Step 4 - Select how much automation you need?
You might want to add automation to your document imaging system but with automation comes additional setup costs and IT support requirements. In other words automation comes with a price.
It is important to evaluate your records to see if automation will work with enough accuracy to save time and money. It doesn't make sense to save a $10 and hour employee's time and replace it with a $50 an hour IT professional's time. Accuracy and time savings are the criteria necessary to add automation to your system.
Bar Code reading is a wonderful upgrade to a document imaging system because you can automatically reference a database table or trigger events such as document separation with a bar code.
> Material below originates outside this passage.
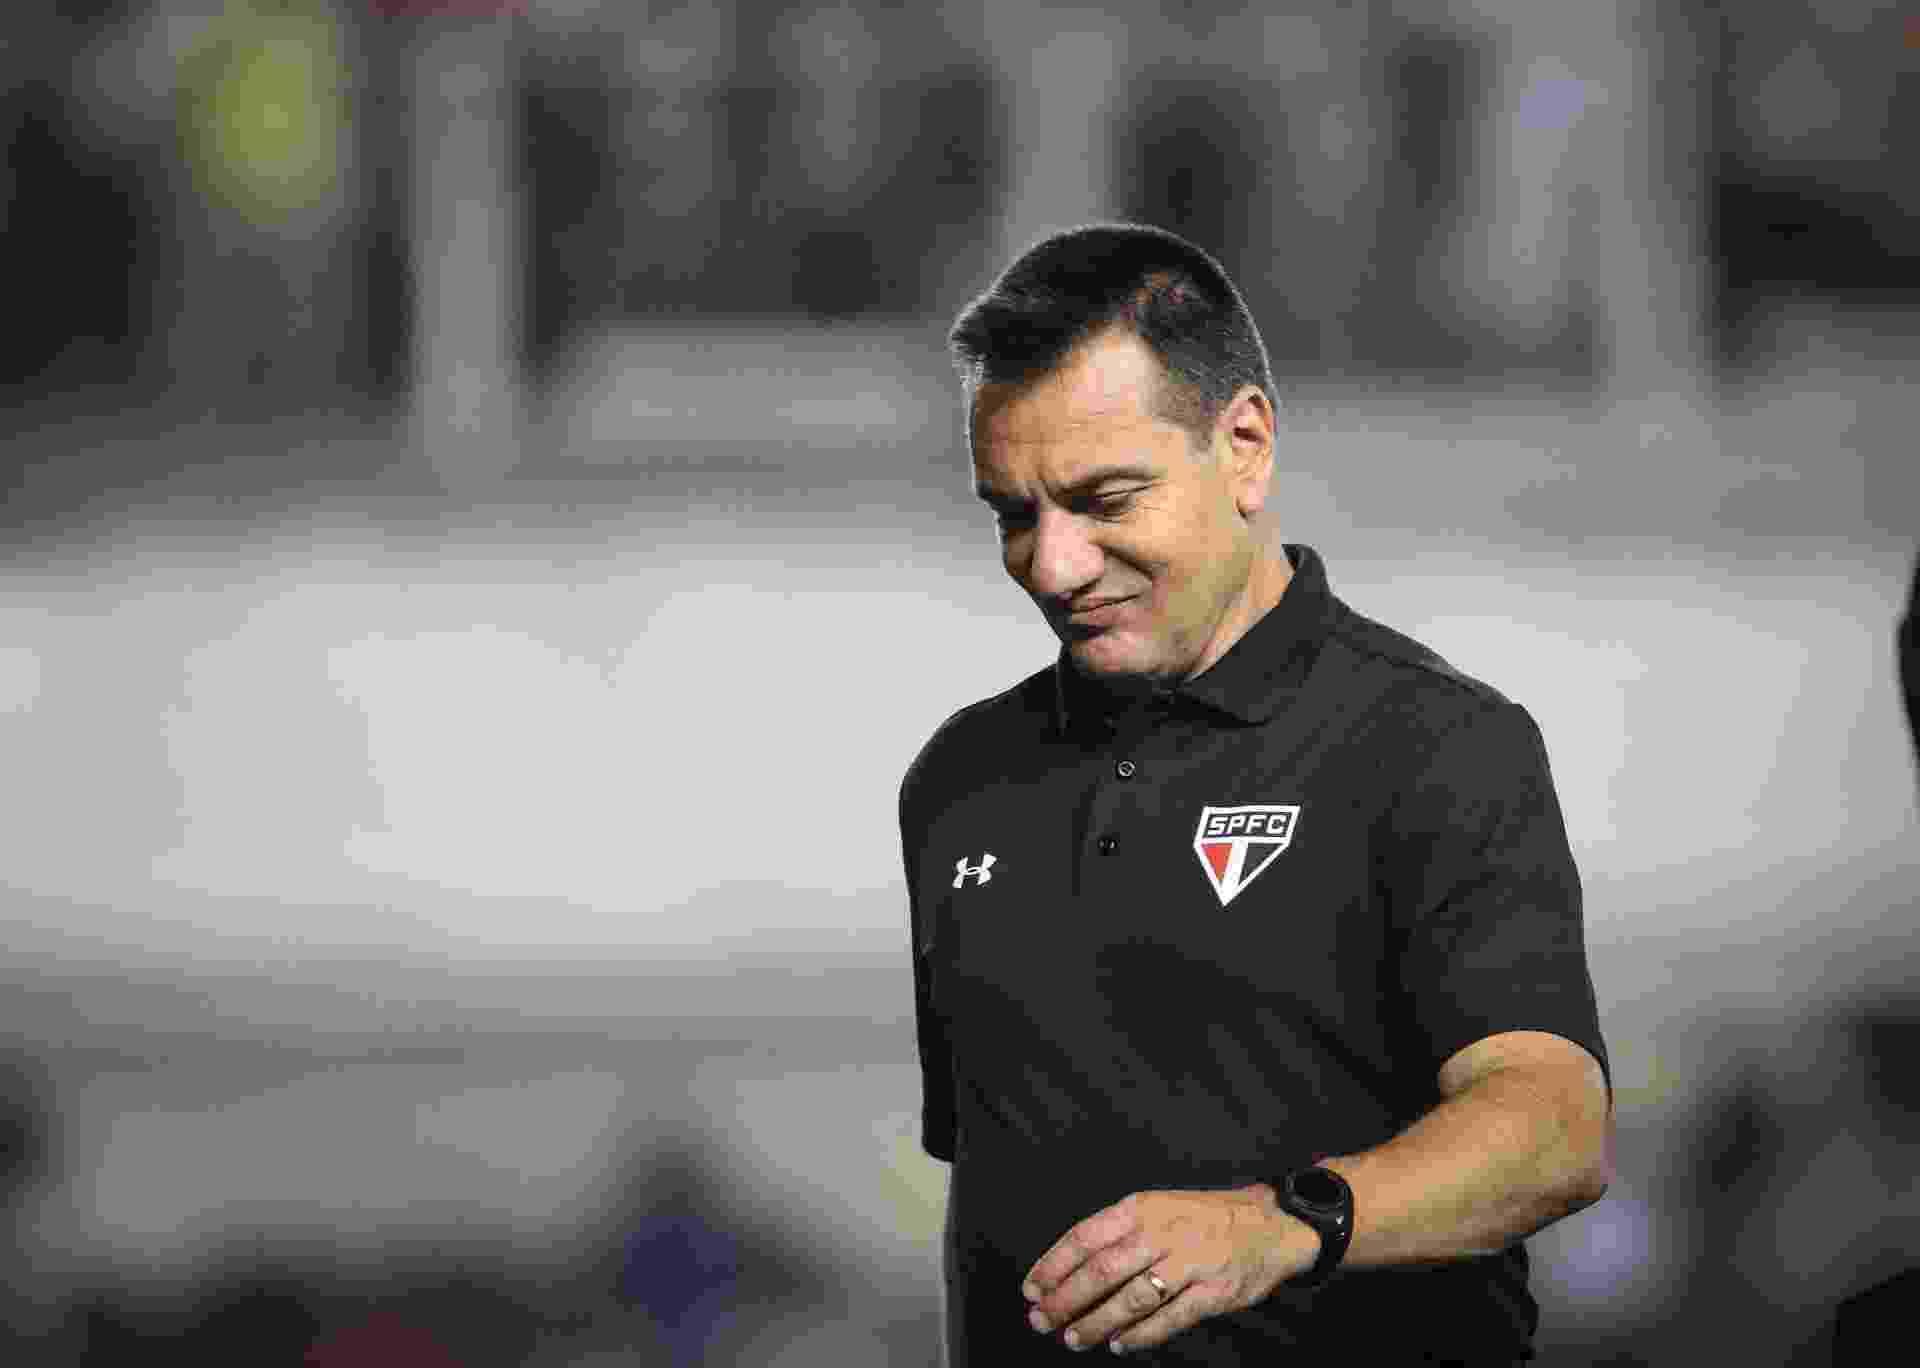 Doriva sai insatisfeito com o desempenho do São Paulo diante do Santos na primeira etapa no confronto válido pela Copa do Brasil - Ricardo Nogueira/Folhapress

Bar codes come in different sizes and shapes. Each bar code requires certain parameters to read it accurately. For example, some bar codes are unreadable if there is a line through it while others can be read accurately even though they have marks across them. To learn more about bar codes you can refer to the following page of our website.
One advantage of bar codes is that they are all or nothing when it comes to reading them. They are ideal if you generate a lot of documents internally but have limited application with documents that originate outside the organization.
Bar code technology is the closest thing to just loading the hopper in the automatic document feeder, pressing a button and letting the technology do the rest.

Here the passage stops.